Mayo Clinic Care Network Content
Diseases and Conditions

Medulloblastoma

Brain tumors that begin in the brain

Primary brain tumors originate in the brain itself or in tissues close to it, such as in the brain-covering membranes (meninges), cranial nerves, pituitary gland or pineal gland.

Primary brain tumors begin when normal cells acquire errors (mutations) in their DNA. These mutations allow cells to grow and divide at increased rates and to continue living when healthy cells would die. The result is a mass of abnormal cells, which forms a tumor.

In adults, primary brain tumors are much less common than are secondary brain tumors, in which cancer begins elsewhere and spreads to the brain.

Many different types of primary brain tumors exist. Each gets its name from the type of cells involved. Examples include:

  • Gliomas. These tumors begin in the brain or spinal cord and include astrocytomas, ependymomas, glioblastomas, oligoastrocytomas and oligodendrogliomas.
  • Meningiomas. A meningioma is a tumor that arises from the membranes that surround your brain and spinal cord (meninges). Most meningiomas are noncancerous.
  • Acoustic neuromas (schwannomas). These are benign tumors that develop on the nerves that control balance and hearing leading from your inner ear to your brain.
  • Pituitary adenomas. These are mostly benign tumors that develop in the pituitary gland at the base of the brain. These tumors can affect the pituitary hormones with effects throughout the body.
  • Medulloblastomas. These are the most common cancerous brain tumors in children. A medulloblastoma starts in the lower back part of the brain and tends to spread through the spinal fluid. These tumors are less common in adults, but they do occur.
  • Germ cell tumors. Germ cell tumors may develop during childhood where the testicles or ovaries will form. But sometimes germ cell tumors affect other parts of the body, such as the brain.
  • Craniopharyngiomas. These rare, noncancerous tumors start near the brain's pituitary gland, which secretes hormones that control many body functions. As the craniopharyngioma slowly grows, it can affect the pituitary gland and other structures near the brain.

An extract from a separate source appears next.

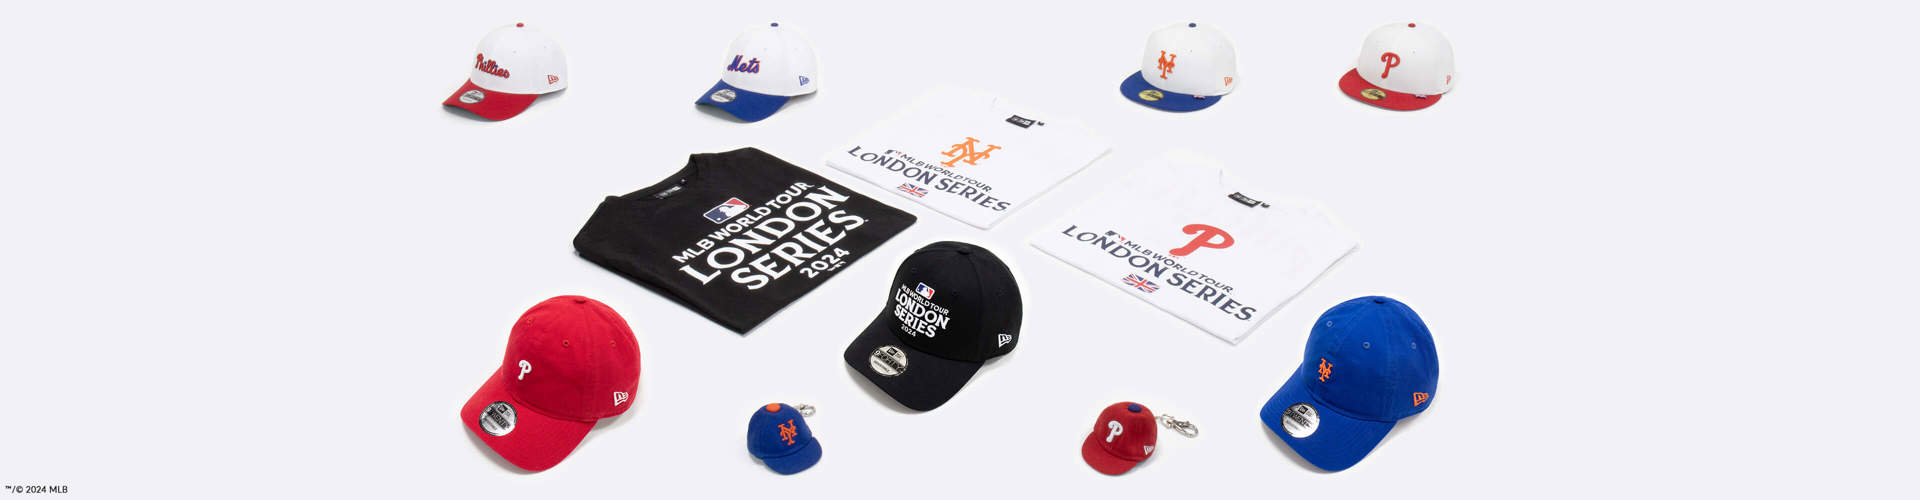 Philadelphia Phillies, New York Mets and London series collection of tops, caps and keyrings for desktop

Cancer that begins elsewhere and spreads to the brain

Secondary (metastatic) brain tumors are tumors that result from cancer that starts elsewhere in your body and then spreads (metastasizes) to your brain.

Secondary brain tumors most often occur in people who have a history of cancer. But in rare cases, a metastatic brain tumor may be the first sign of cancer that began elsewhere in your body.

In adults, secondary brain tumors are far more common than are primary brain tumors.

Any cancer can spread to the brain, but common types include:

  • Breast cancer
  • Colon cancer
  • Kidney cancer
  • Lung cancer
  • Melanoma

Alternative medicine

Little research has been done on complementary and alternative brain tumor treatments. No alternative treatments have been proved to cure brain tumors. However, complementary treatments may help you cope with the stress of a brain tumor diagnosis.

Some complementary treatments that may help you cope include:

  • Acupuncture
  • Art therapy
  • Exercise
  • Meditation
  • Music therapy
  • Relaxation exercises

Talk with your doctor about your options.

Coping and support

A diagnosis of a brain tumor can be overwhelming and frightening. It can make you feel like you have little control over your health. But you can take steps to cope with the shock and grief that may come after your diagnosis. Consider trying to:

  • Learn enough about brain tumors to make decisions about your care. Ask your doctor about your specific type of brain tumor, including your treatment options and, if you like, your prognosis. As you learn more about brain tumors, you may become more confident in making treatment decisions.
  • Keep friends and family close. Keeping your close relationships strong will help you deal with your brain tumor. Friends and family can provide the practical support you'll need, such as helping take care of your house if you're in the hospital. And they can serve as emotional support when you feel overwhelmed by cancer.
  • Find someone to talk with. Find a good listener who is willing to listen to you talk about your hopes and fears. This may be a friend or family member. The concern and understanding of a counselor, medical social worker, clergy member or cancer support group also may be helpful.

Ask your doctor about support groups in your area. Or check your phone book, library or a cancer organization, such as the National Cancer Institute or the American Cancer Society.

Overview

Medulloblastoma (muh-dul-o-blas-TOE-muh) is a cancerous brain tumor that starts in the lower back part of the brain. This part of the brain is called the cerebellum. It is involved in muscle coordination, balance and movement.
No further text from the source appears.